Anyway, as soon as it stops raining, I’m going to drop the roof on the Eos and cruise around east Clare listening to this. Don’t try telling me it isn’t cool – she kicks bottom. And, besides, they’re in the desert:

There’s a ghost in me
wants to say I’m sorry.
Doesn’t mean I’m sorry.

Let's all have a BRILLIANT weekend!


1 Aug 2008

Just a quick update on that situation regarding the appeal to An Bord Pleanala against approval of the Limerick hospital co-location project. Remember now, the appellant was told this week that his (he was representing a larger group of people) appeal was invalidated for the most frivolous of reasons. Well, it seems that the Bord may not have been completely accurate in leading the appellant to believe this was the case.

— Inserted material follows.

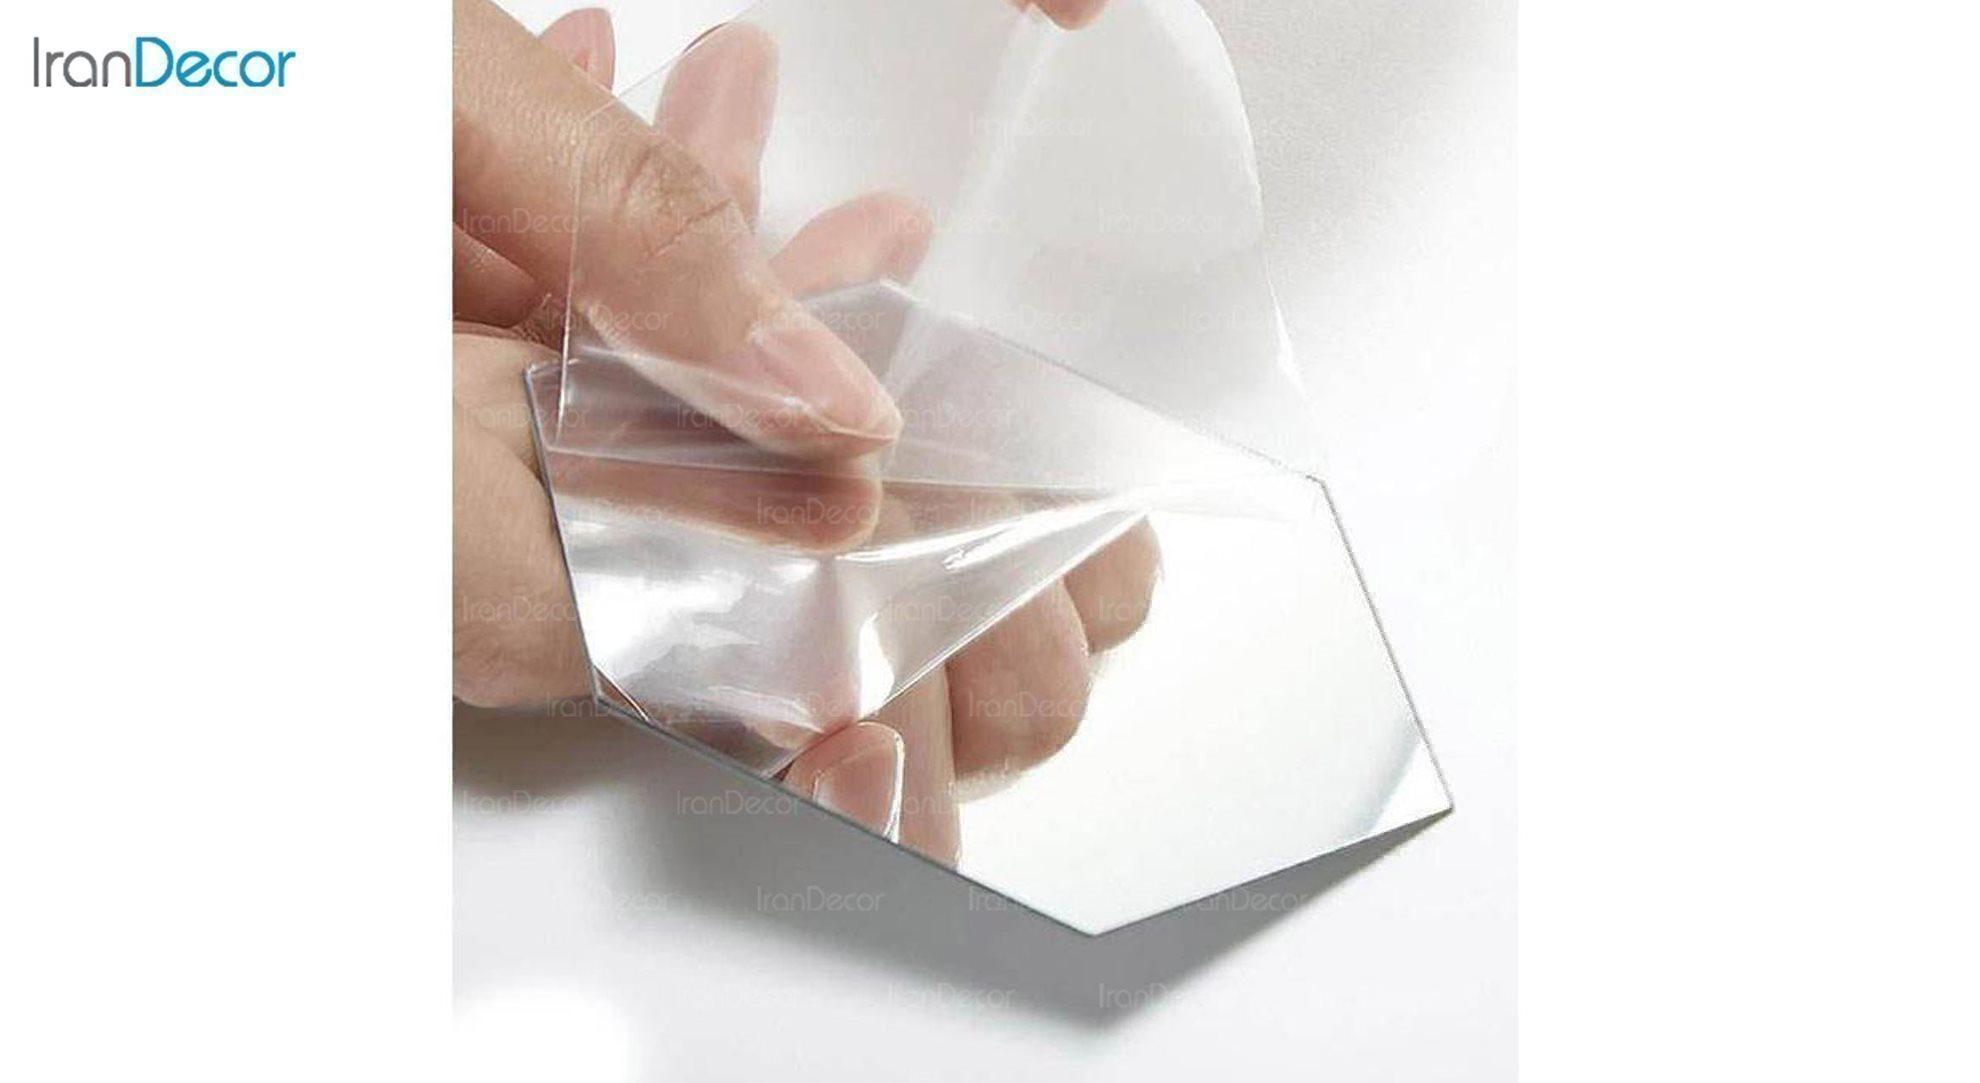 آینه پلکسی گلس طرح قلب رومادون کد 452 اندازه 20 سانتی متر نایلون ضد خش

After some confusing exchanges in recent days between the Bord and the appellant, during which time there were hints that the appellant’s submission may have been accepted without proper authorization by someone on the Bord’s security staff (except this wouldn’t explain how the appellant’s application fee had been drawn from his bank account) and so on, it turns out that the submission may have arrived in the usual way and then misfiled.

Hopefully, this will eventually mean that an Bord now considers the appeal valid and that any fears some of us may have had that someone was hoping an inconvenient appeal could be pushed to one side are without grounds.

Seems to me that the Bord needs a little bit of a shake up. Can’t believe this isn’t front page.